On June 5, 2014, Americana/folk group Molly and the Zombies performed at The Bell House with Jared Hart of The Scandals and Dave Hause as opening acts.

=== 2015 ===
On September 11, 2015, a preview of humorist John Hodgman's show Vacationland played.

===2016===
On January 10, 2016, comedian Liam McEneaney recorded his second album, Working Class Fancy, for Comedy Dynamics at The Bell House, with support acts Colin Jost, Dave Hill, and Rob Paravonian.
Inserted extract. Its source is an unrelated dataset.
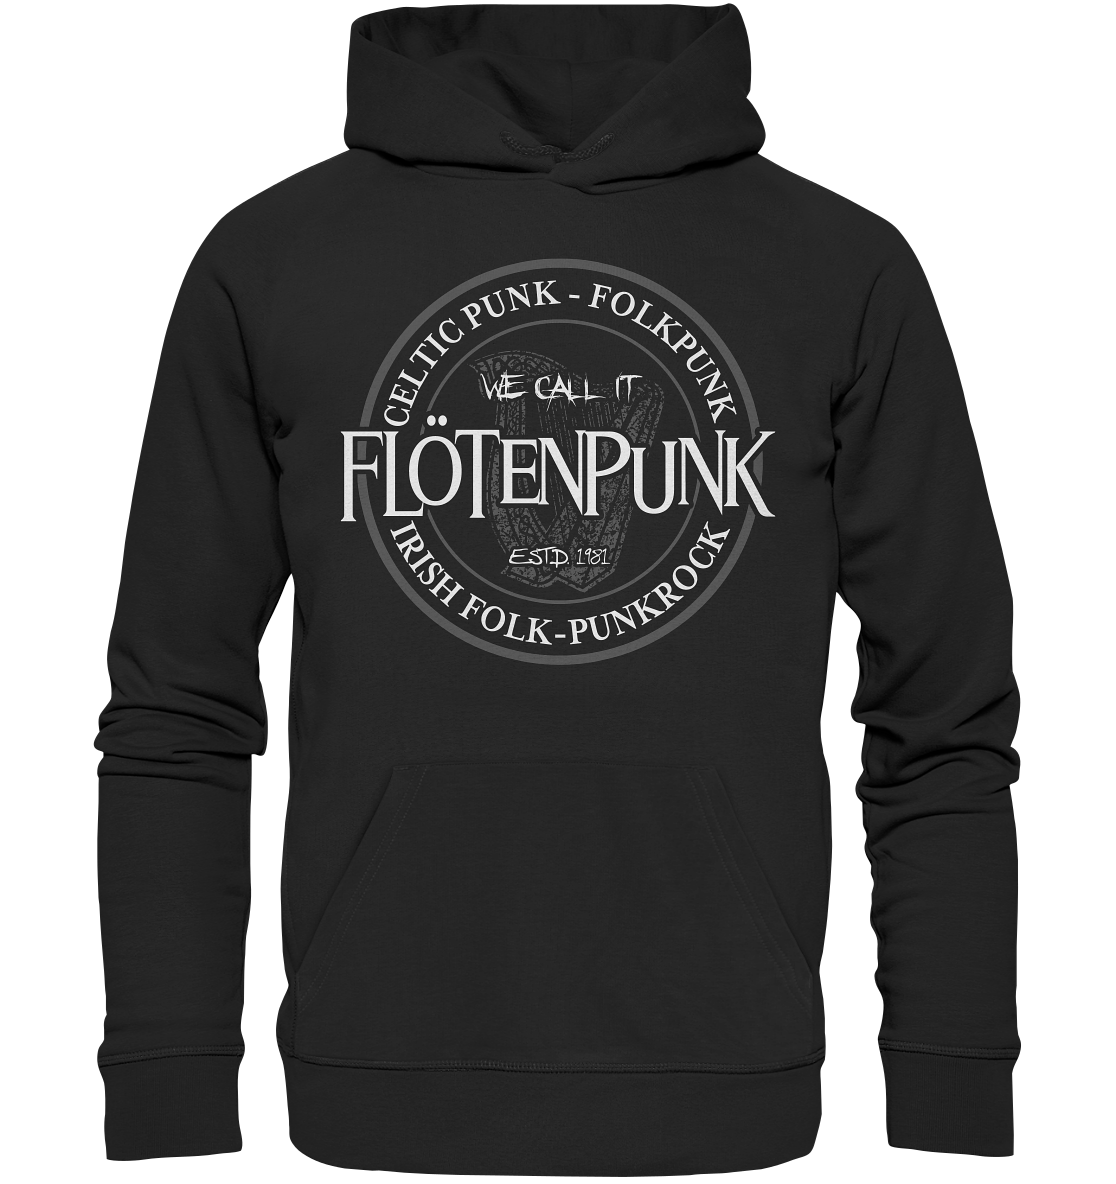 We call it "Flötenpunk" - Premium Unisex Hoodie

On December 17, 2016, YouTuber, comedian and entertainer Joe Santagato had a charity meet and greet event here.

===2017===
On September 6, 2017, the rock supergroup Filthy Friends performed.

===2018===
The tenth anniversary of the venue was celebrated with shows featuring Waxahatchee, Night Shops and Anna St. Louis as well as Shellac, and Ex Hex.

=== 2024 ===
On June 9, 2024, T4T Comedy hosted by Ella Yurman, Terrence Dugan, and Rose Tablizo celebrated its second anniversary at The Bell House. The show featured over 75 transgender comedians performing 60 seconds of material each.